そのような地域で「株式投資をどう考えている?」と周囲に質問すると、「危ない」、「全財産を無くす」、「ここ30年、株価は変わらない」との答えがほとんど。私自身も同じような考え方を最近まで持っていました。
そのような時、中途採用された職場の同僚から「私は他の人よりも退職金が4割ほど少ない。だから積立方式の株式投資をしているよ」との話を聞き、株式投資に関心を持つようになりました。
本書は、私が抱いていた旧来の株式投資に関する情報を、現在の株式投資情報にアップデートさせてくれました。何よりもありがたいのは、何がリスクなのかということを明示してくれている点。
人は実態が見えないと過大評価をしてしまい、必要以上に恐れの感情を持つ。何が実体なのかがわかれば、等身大で物事を見ることができる。そのように、等身大の投資とお金の姿を示してくれます。
具体的に言うと、「株式投資の本質は、投資先の成長性や収益性が重要」であること。株主優待などは雑誌などでも取り上げられ、有名人は株主優待で生活しているところをみるとそのような株を欲しくなります。
しかし、優待はあくまでも企業からのお礼。

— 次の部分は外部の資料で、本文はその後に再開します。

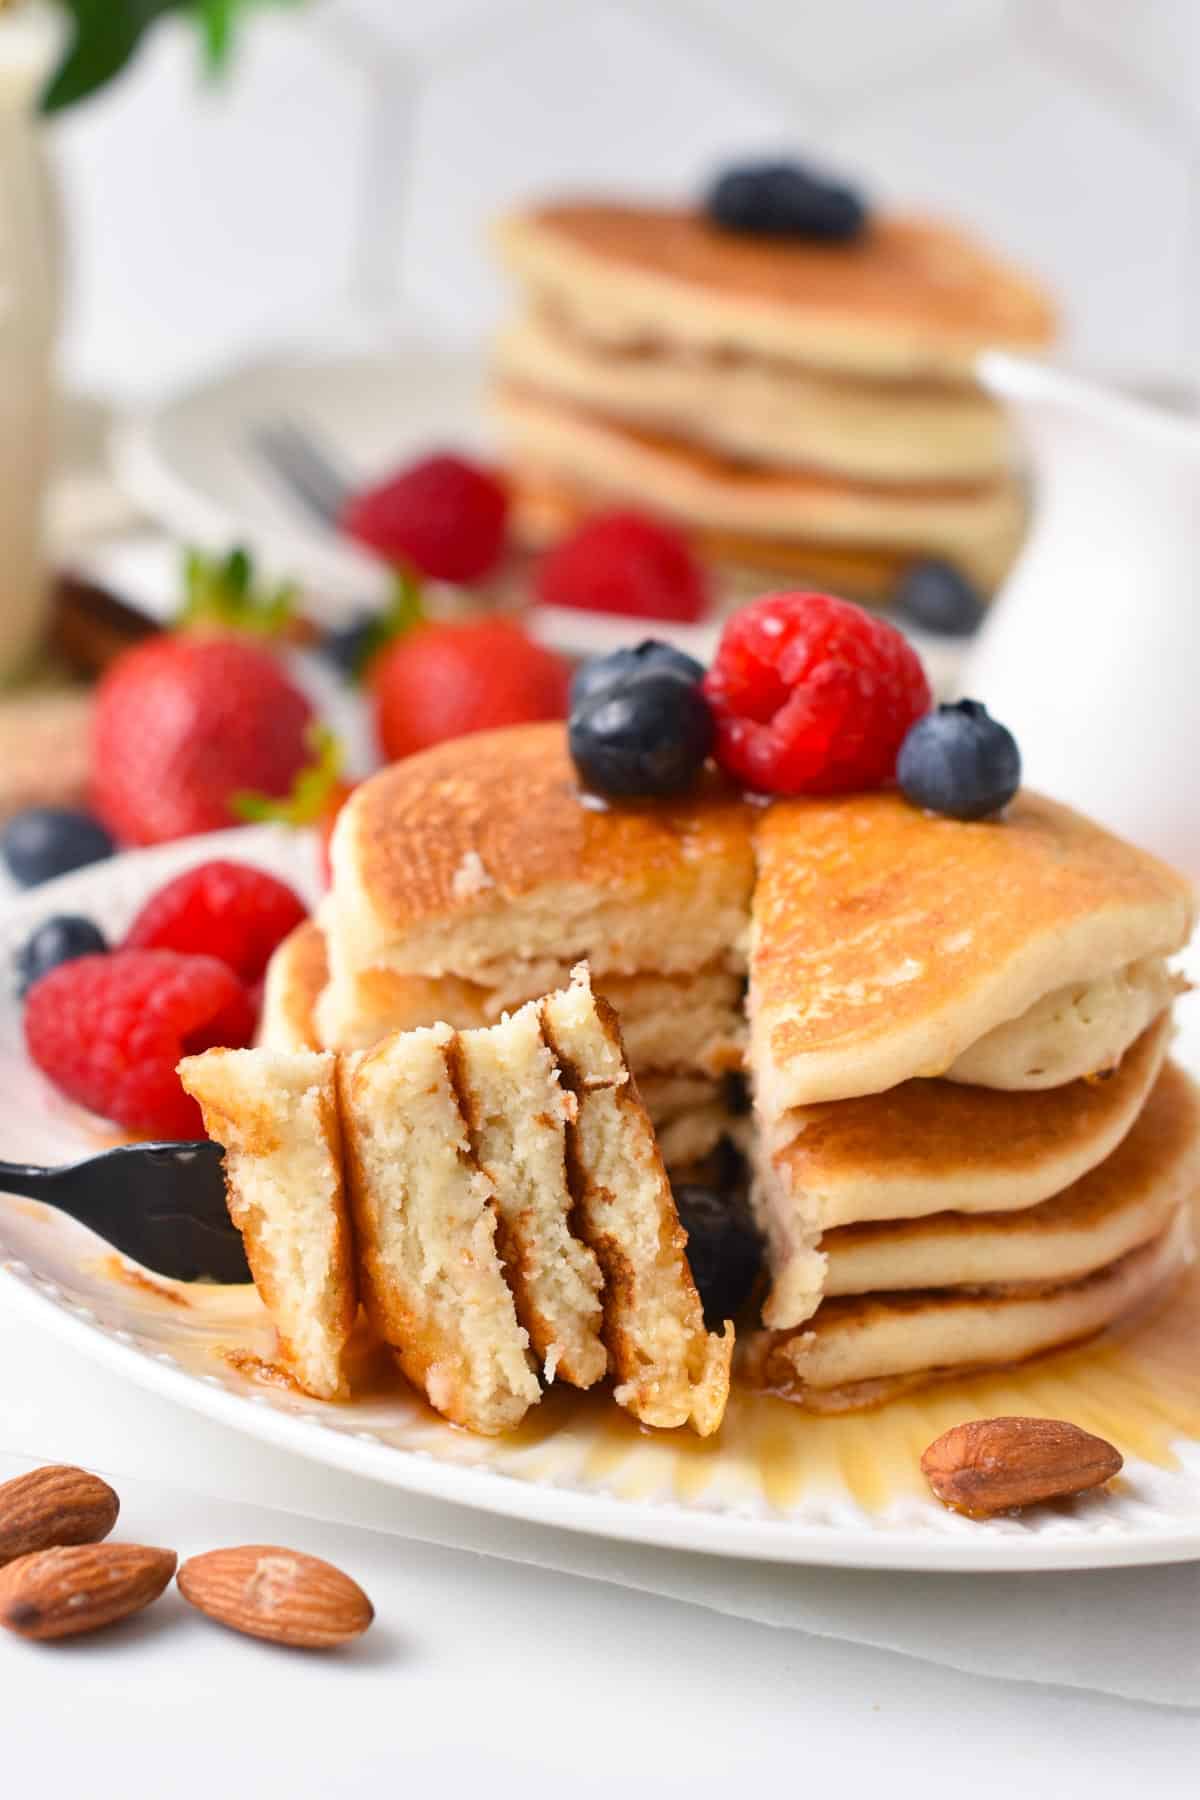 A stack of vegan almond flour pancakes with blueberries and raspberry on top and a fork showing the fluffy texture inside the pancakes.

大切なのはその企業がどれくらい収益を上げて企業価値が向上し、それによって株価が上がり、利益を得ることができるか、ということ。
無料食事券や搭乗割引、ビールやジュースにつられて成長性に劣る企業に投資をすれば、リスクは上がります。
本書はこのような投資やお金に関する原理原則を、初心者にわかりやすく、しかも網羅的に構成しています。投資やお金に関する全体像を把握することができる本です。